The response has to reproduce all entries exactly while excluding their pictures.

== Stored records ==
——
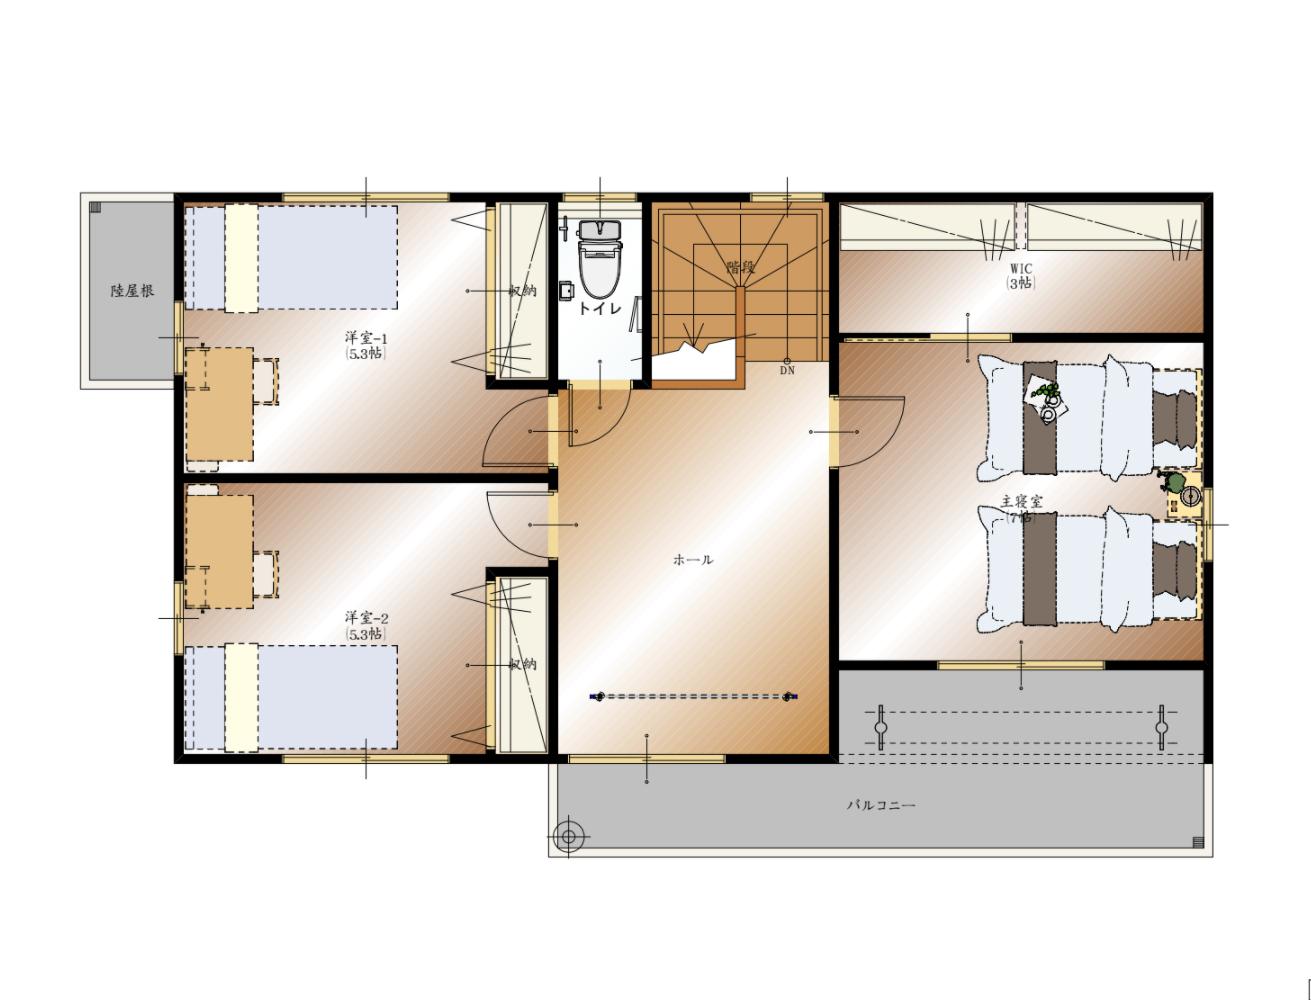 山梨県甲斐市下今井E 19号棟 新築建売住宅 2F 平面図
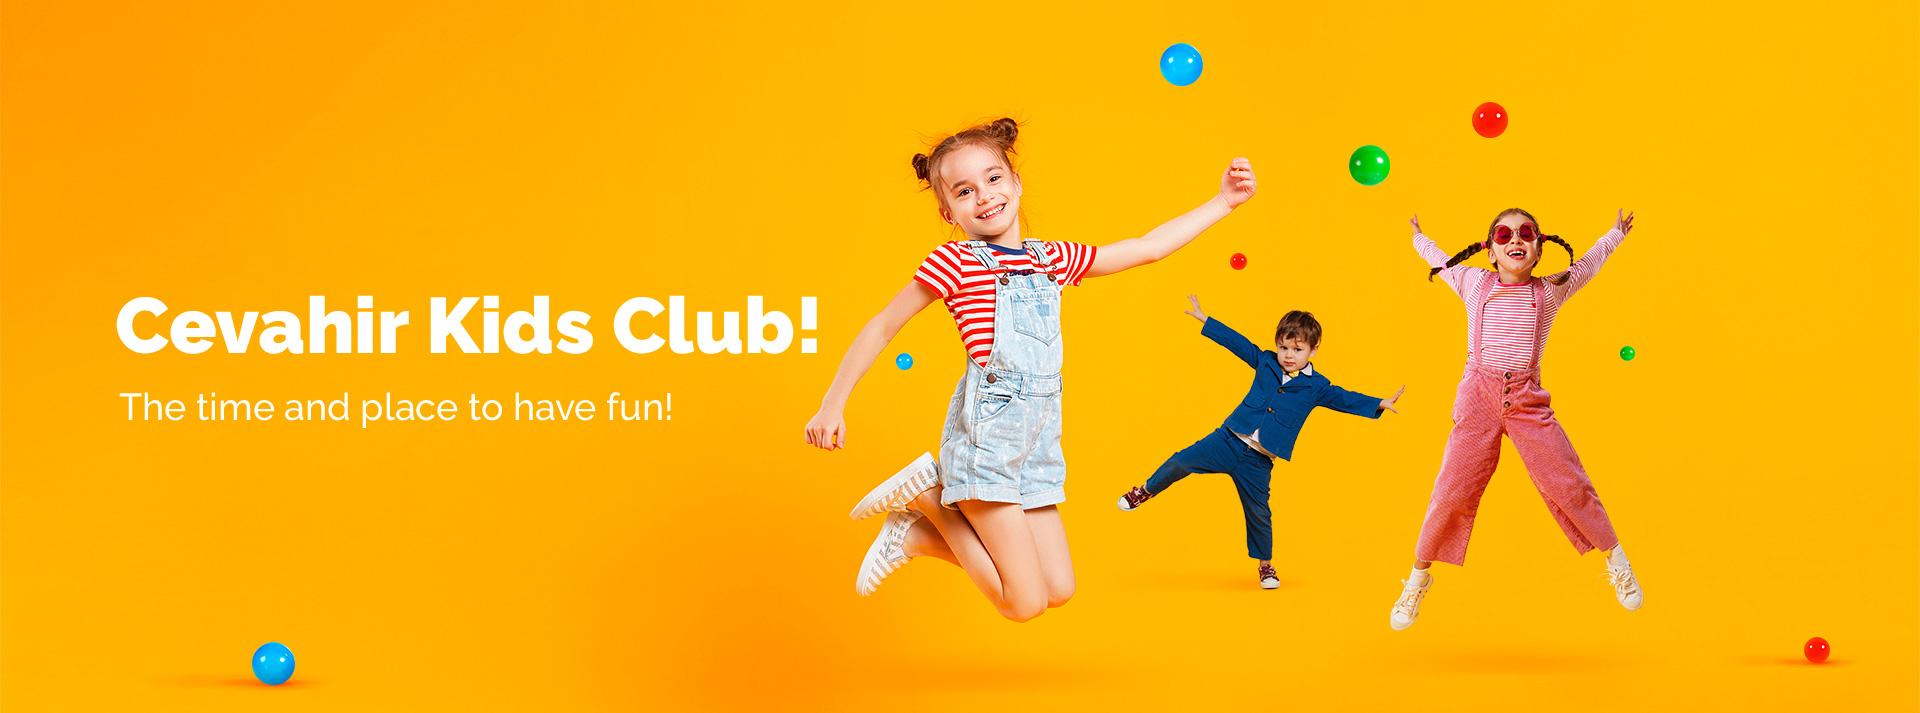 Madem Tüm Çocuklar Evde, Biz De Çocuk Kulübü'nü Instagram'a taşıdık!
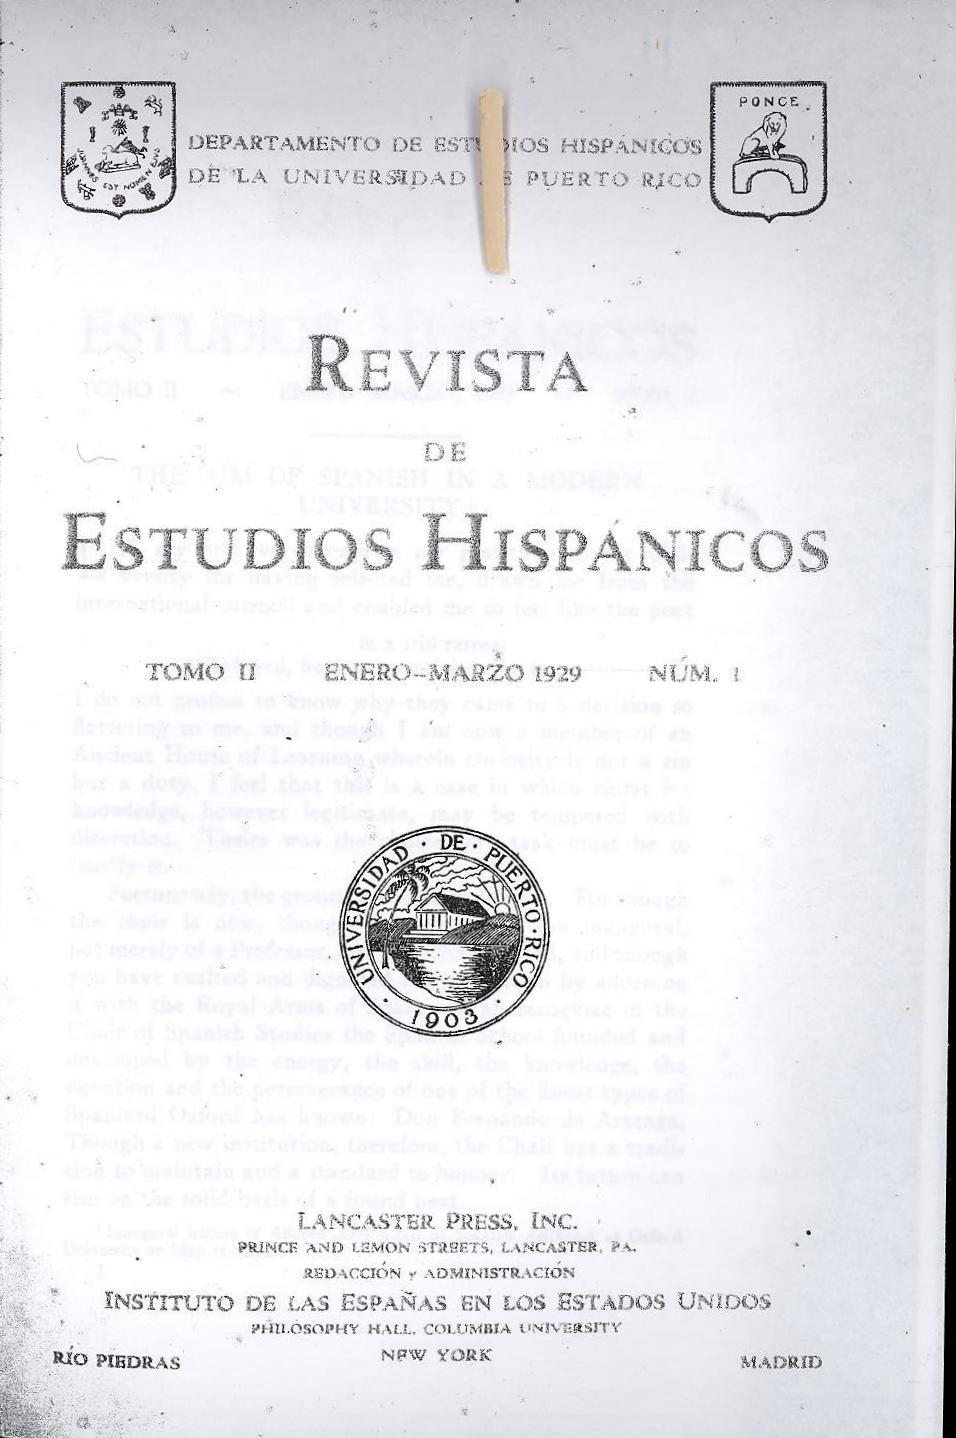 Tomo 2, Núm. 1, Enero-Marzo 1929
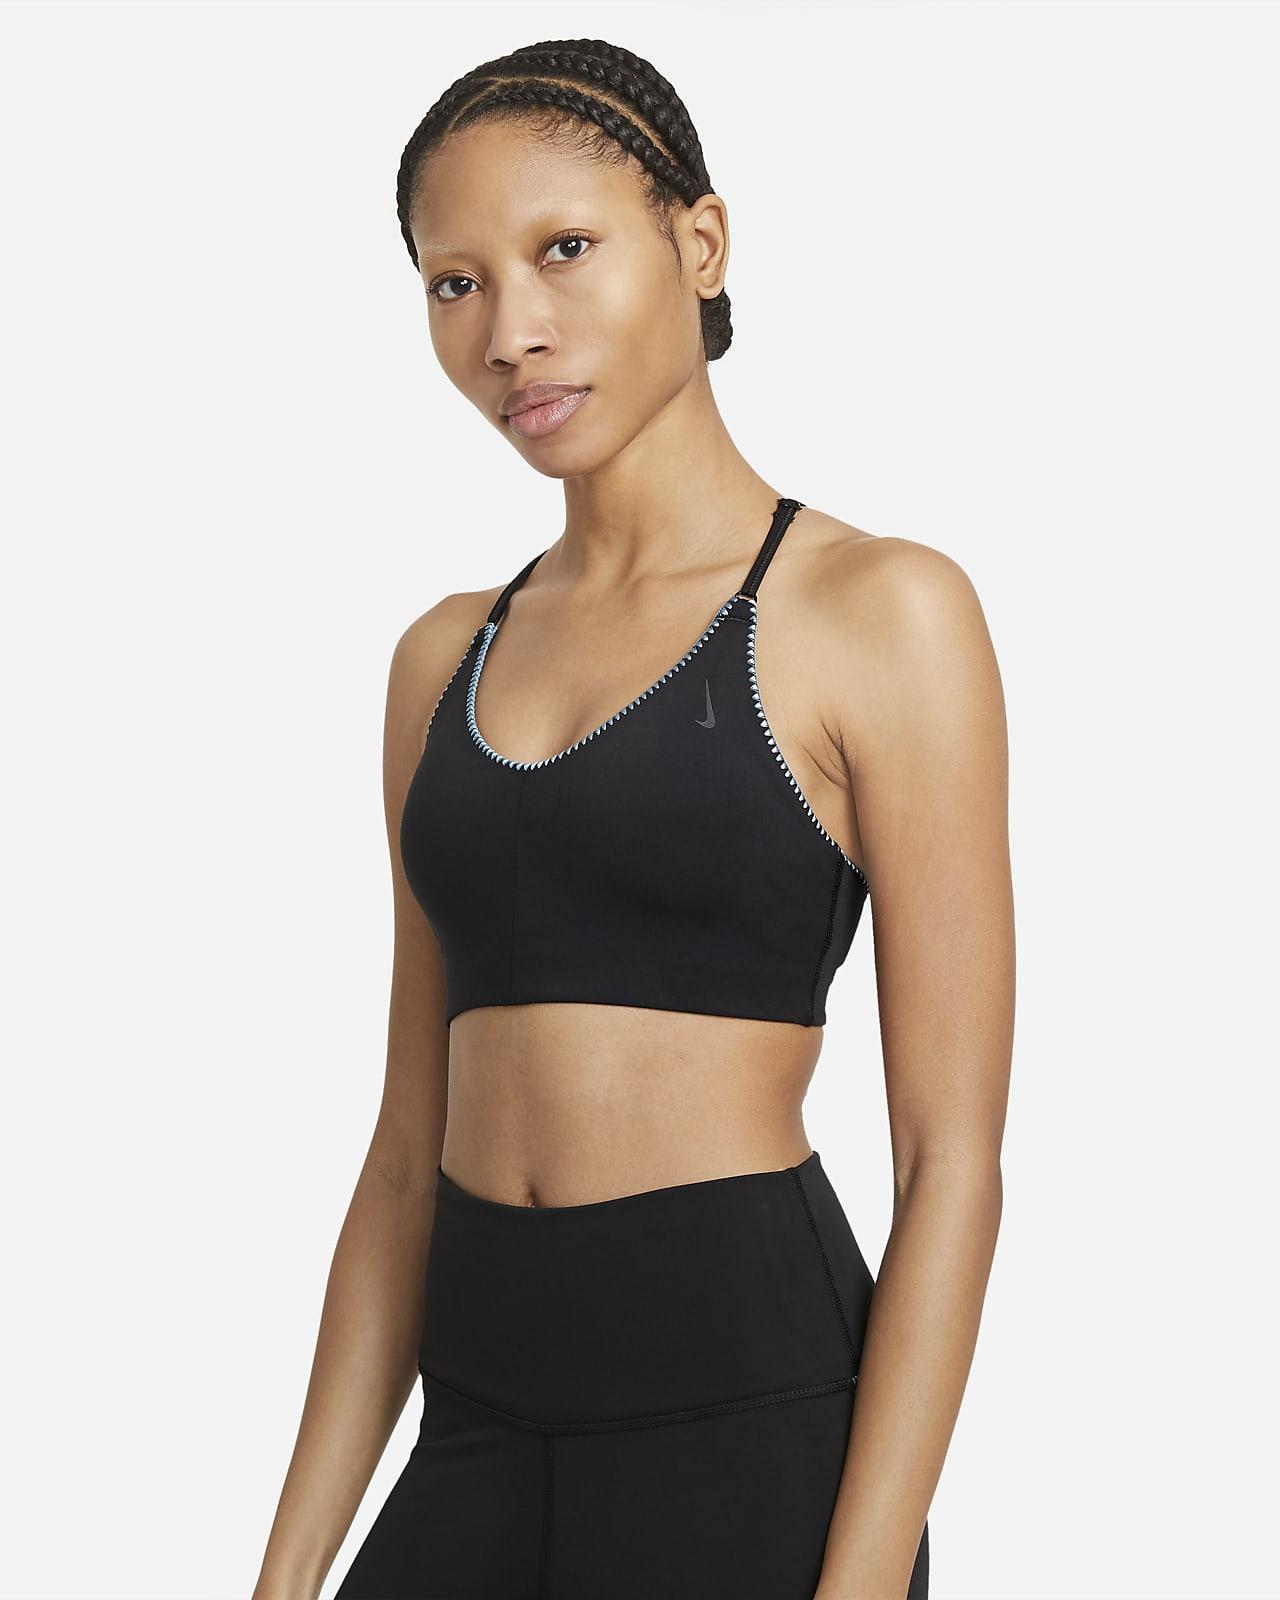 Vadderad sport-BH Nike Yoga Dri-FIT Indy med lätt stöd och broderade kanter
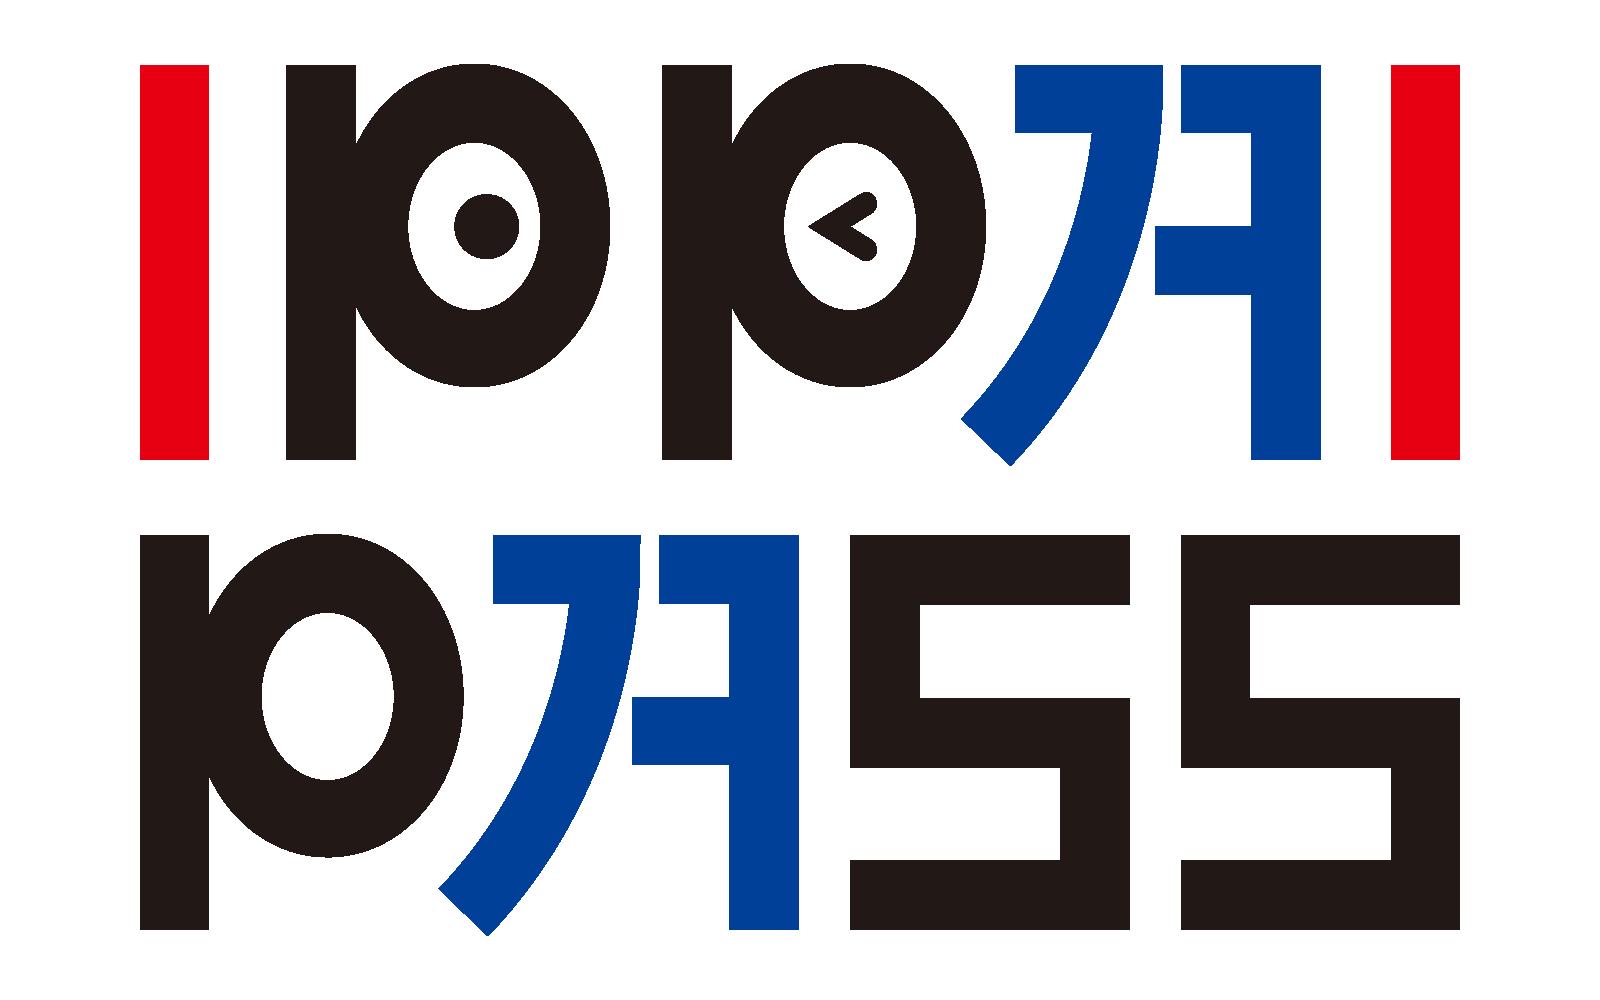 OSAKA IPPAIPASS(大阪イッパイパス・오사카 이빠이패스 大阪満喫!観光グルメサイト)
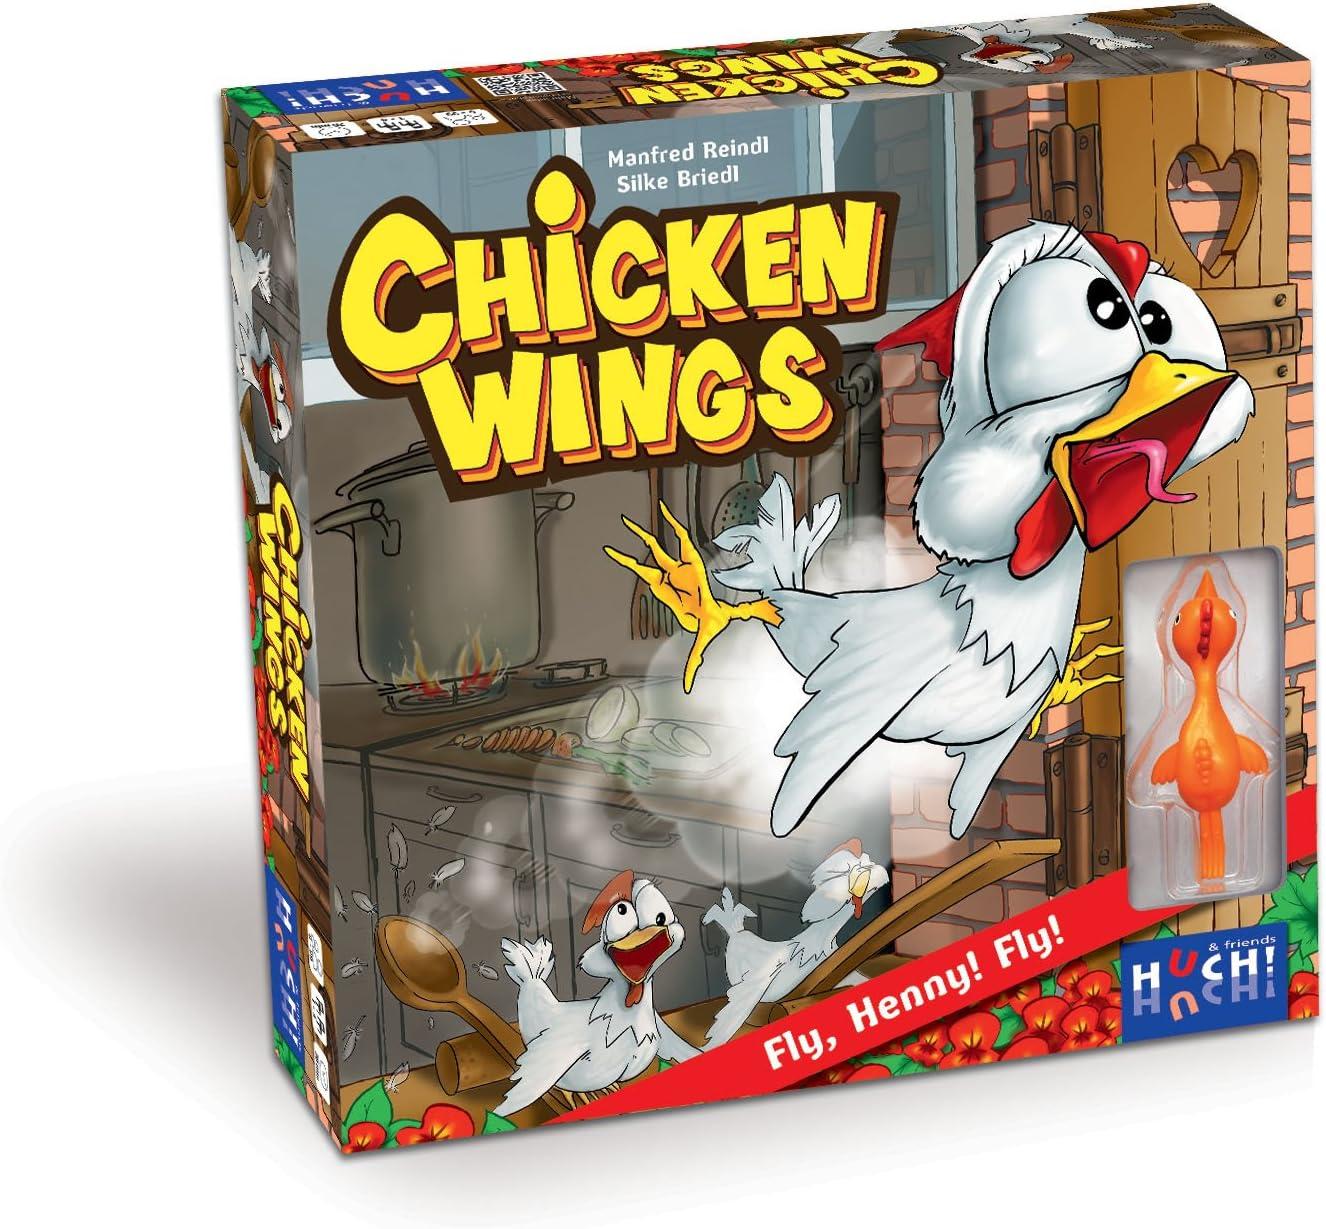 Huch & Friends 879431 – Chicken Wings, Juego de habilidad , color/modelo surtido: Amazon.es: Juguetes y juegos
——
== Exercise result ==
 山梨県甲斐市下今井E 19号棟 新築建売住宅 2F 平面図
 Madem Tüm Çocuklar Evde, Biz De Çocuk Kulübü'nü Instagram'a taşıdık!
 Tomo 2, Núm. 1, Enero-Marzo 1929
 Vadderad sport-BH Nike Yoga Dri-FIT Indy med lätt stöd och broderade kanter
 OSAKA IPPAIPASS(大阪イッパイパス・오사카 이빠이패스 大阪満喫!観光グルメサイト)
 Huch & Friends 879431 – Chicken Wings, Juego de habilidad , color/modelo surtido: Amazon.es: Juguetes y juegos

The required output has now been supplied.